- _TASK INSTRUCTIONS_:
Output only the lines below that start at the line containing "IMA 2015 Spring Vol.11" and end at the line containing "Ichi (YAMAMOTO Hideo) 11.2 Page 2", with both ends kept.

- _SUPPLIED RECORDS_:
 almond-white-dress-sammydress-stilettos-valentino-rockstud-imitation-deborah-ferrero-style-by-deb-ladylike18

...

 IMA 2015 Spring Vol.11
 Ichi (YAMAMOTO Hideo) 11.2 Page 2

--

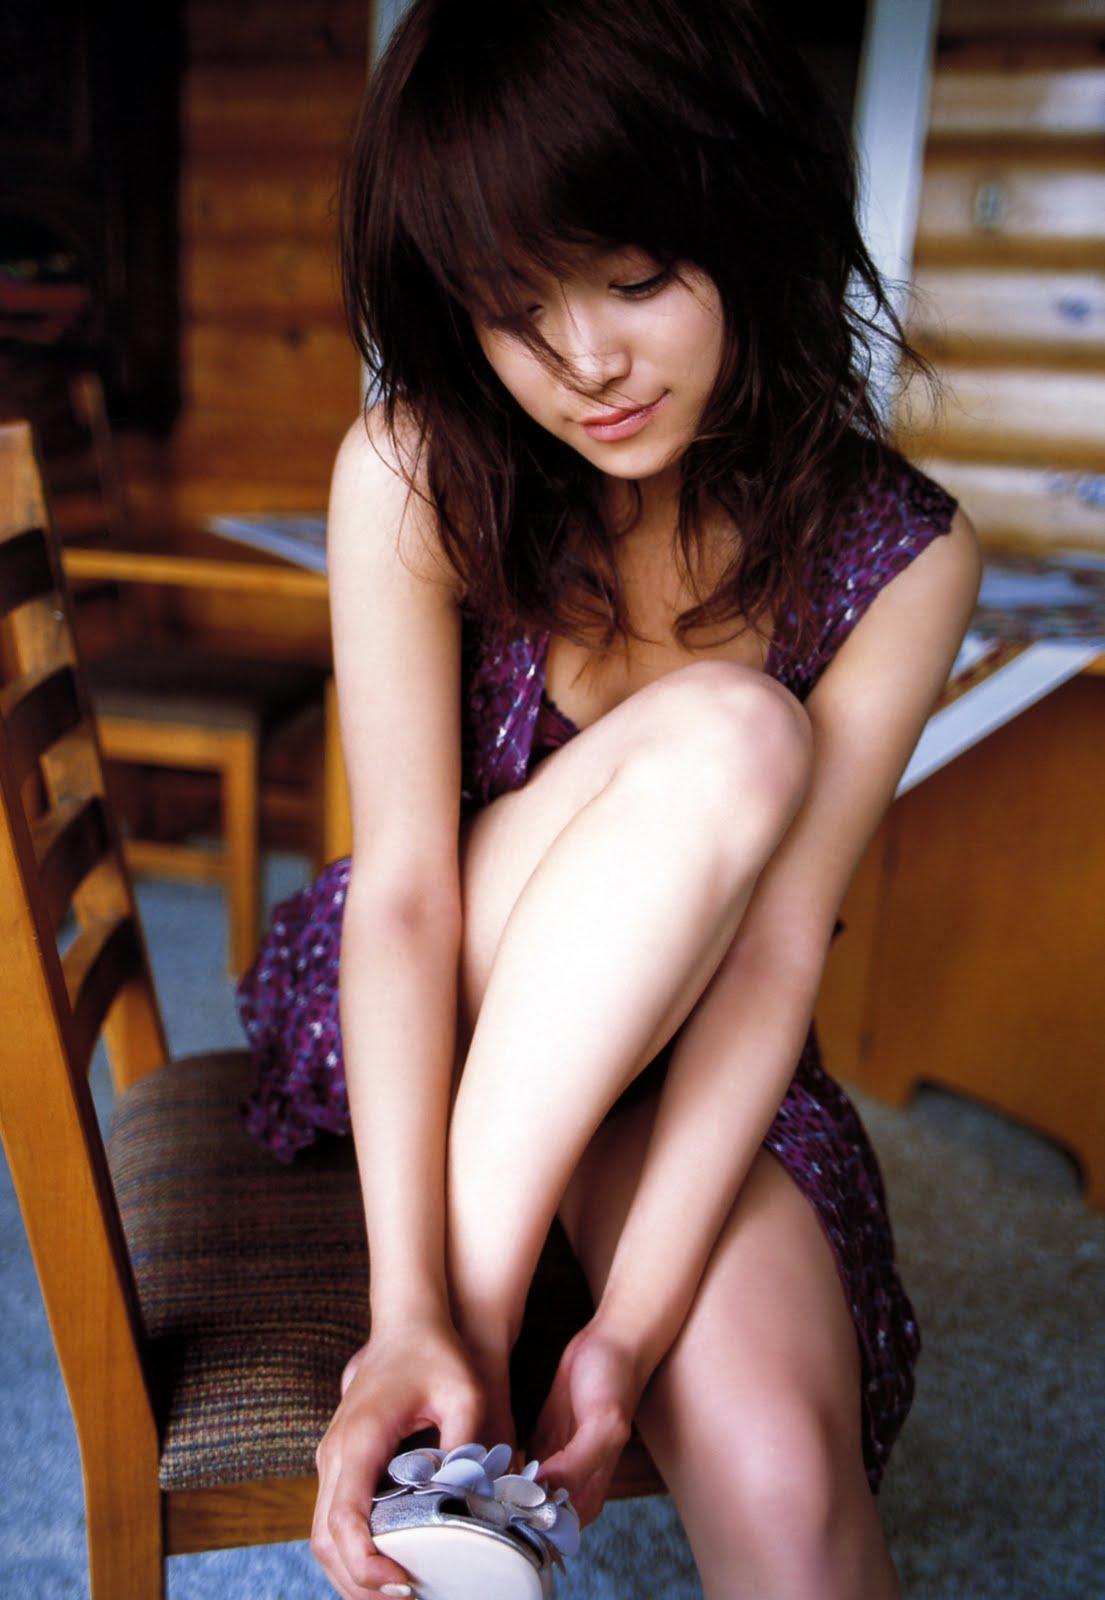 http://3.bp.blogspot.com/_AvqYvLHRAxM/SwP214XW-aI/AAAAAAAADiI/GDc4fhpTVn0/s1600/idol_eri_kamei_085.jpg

- _TASK SOLUTION_:
 IMA 2015 Spring Vol.11
 Ichi (YAMAMOTO Hideo) 11.2 Page 2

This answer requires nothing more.